We make our review with the following principles of law in mind. To set aside a gift on the ground of undue influence, it must be shown that, at the time of gifting, the donor was acting under such force, coercion or overpersuasion that his free will was destroyed. See In re Estate of Brown, 718 S.W.2d 588, 596 (Mo.App.1986); see also Flynn v. Union National Bank, 378 S.W.2d at 10. A petitioner makes a submissible case of undue influence when he presents evidence of a confidential relationship between the benefactor and beneficiary plus other evidence of undue influence; however, undue influence may be shown without establishing a confidential relationship. McIntosh, 625 S.W.2d at 163-64. Undue influence is an issue of fact. Flynn, 378 S.W.2d at 10. Evidence probative of undue influence includes the mental and physical condition of the benefactor, the beneficiary’s power and opportunity to influence the benefactor, and hostile feelings of the benefactor towards the beneficiary. Carroll v. Knott, 637 S.W.2d 368, 370-71 (Mo.App.1982). Evidence the beneficiary was active in procuring the benefit is also probative. In re Estate of Brown, 718 S.W.2d at 596; see Carroll, 637 S.W.2d at 371.

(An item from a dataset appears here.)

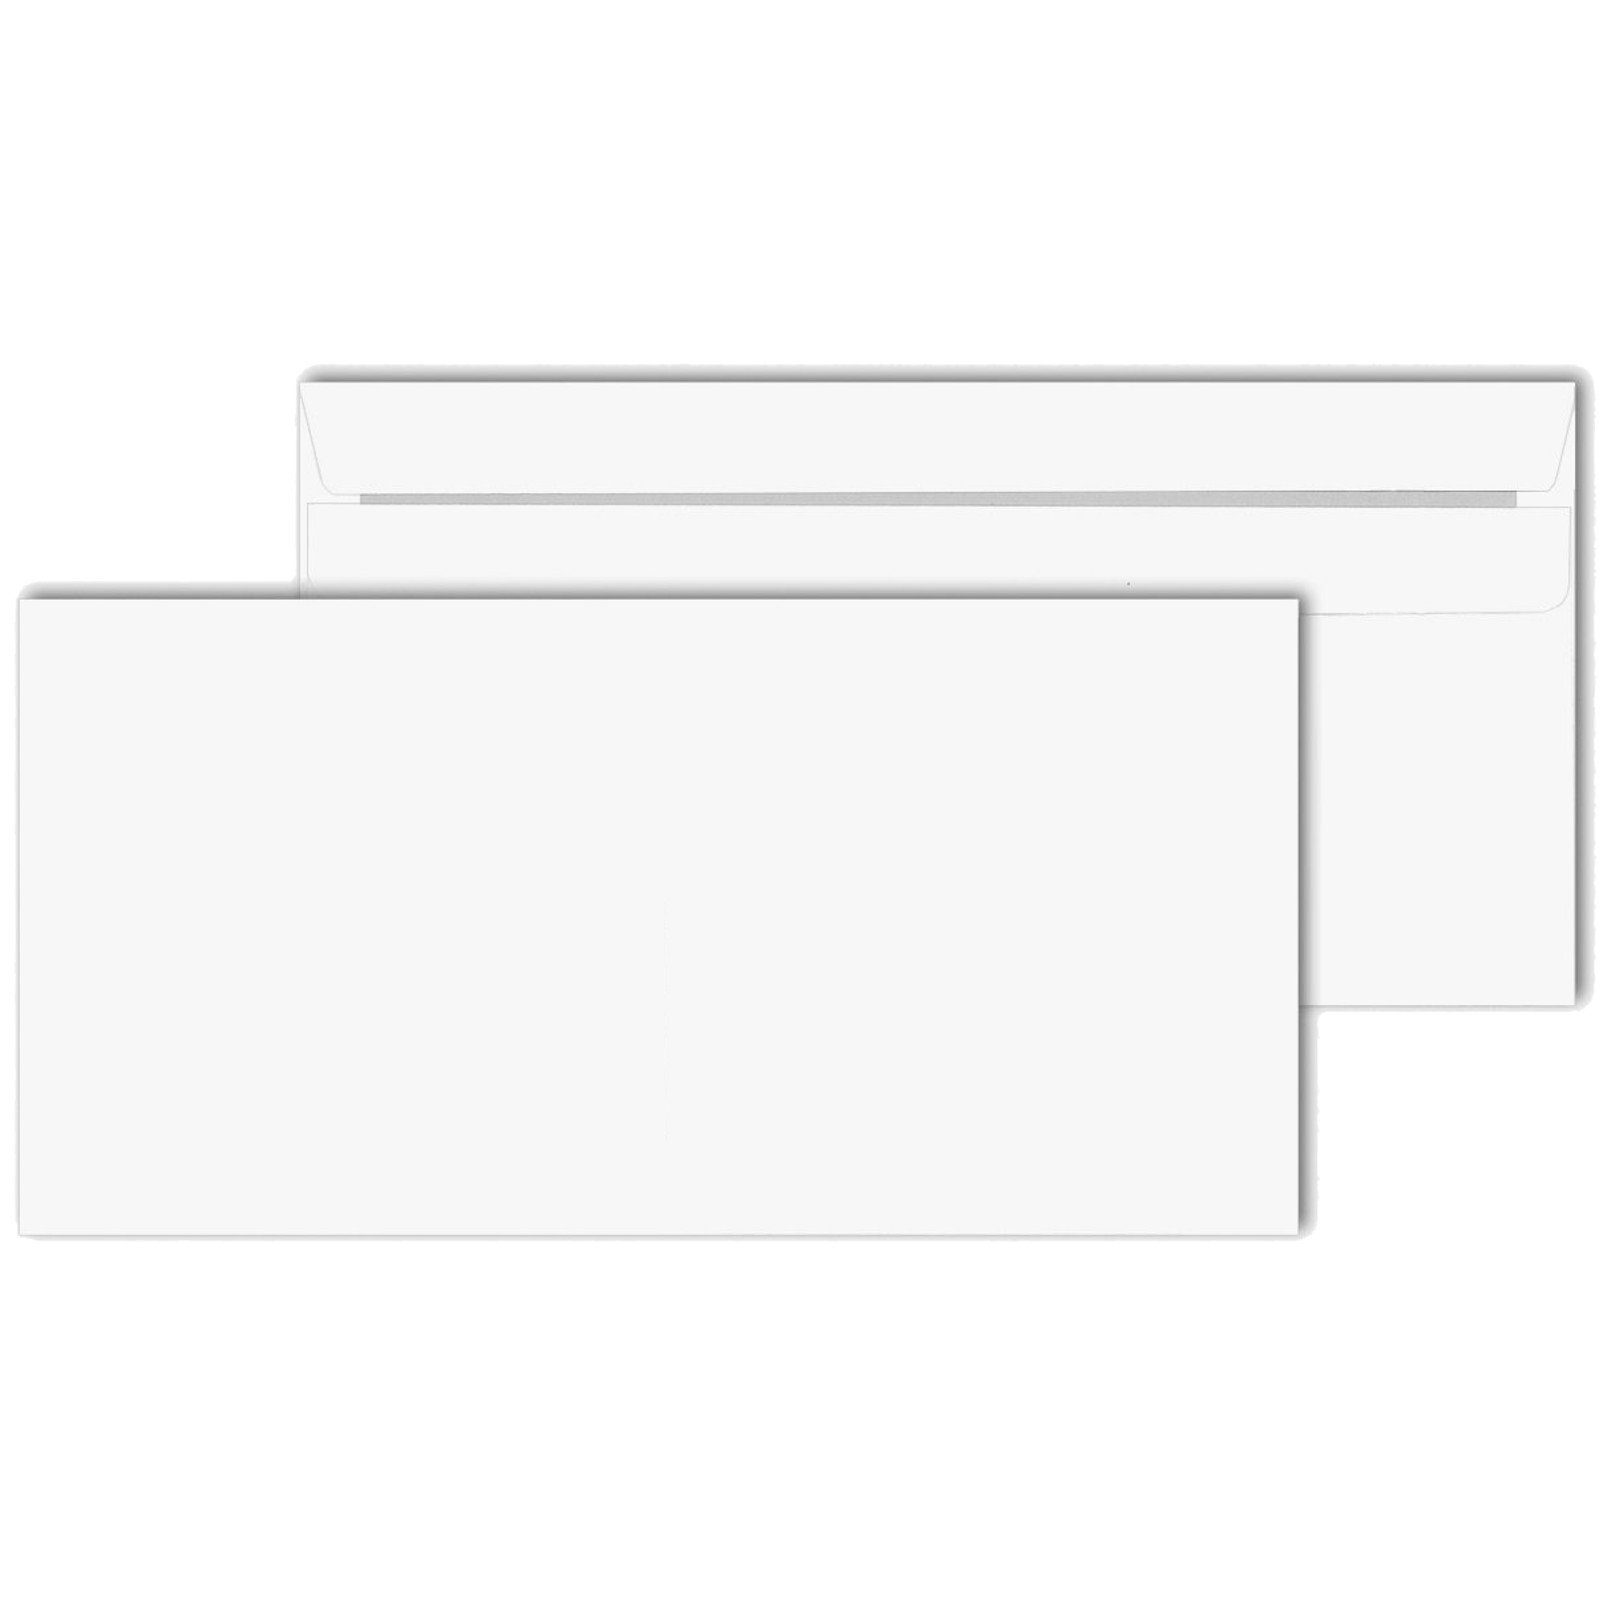 KK Verpackungen Briefumschlag, Umschlag Kuverts DIN lang 110 x 220 mm Selbstklebung ohne Fenster Weiß

Petitioner seizes upon comments made by the court as a basis for her contention the court erred. However, our reading of all the court’s comments in the ease leads us to conclude the court made its ruling on the merits after considering all the evidence. We find the following comments particularly enlightening:
I just don’t find that there’s really any undue influence here that caused the transfers, and I don’t find that [decedent] lacked the mental capacity to make these transfers. She had her moments when perhaps she was confused, but I think — I’m just not persuaded that she just, at all times, and in particular the times that these transfers were made, that she did not have that mental capacity.
(Emphasis ours.)
We have reviewed the entire record. Applying the above principles of law to the record, including the trial court’s superior position to judge credibility, we conclude the trial court’s decree must be affirmed.
JUDGMENT AFFIRMED.
CRANDALL, P.J., and CRIST, J„ concur.. Mr. Euwer represented the estate at trial and was one of its principal witnesses.
. Although petitioner’s point includes the issue of mental incapacity, our reading of her petition is that she has not alleged a separate ground of mental incapacity as a basis for rejecting the gifts, but, rather, has alleged mental incapacity as a factor showing undue influence.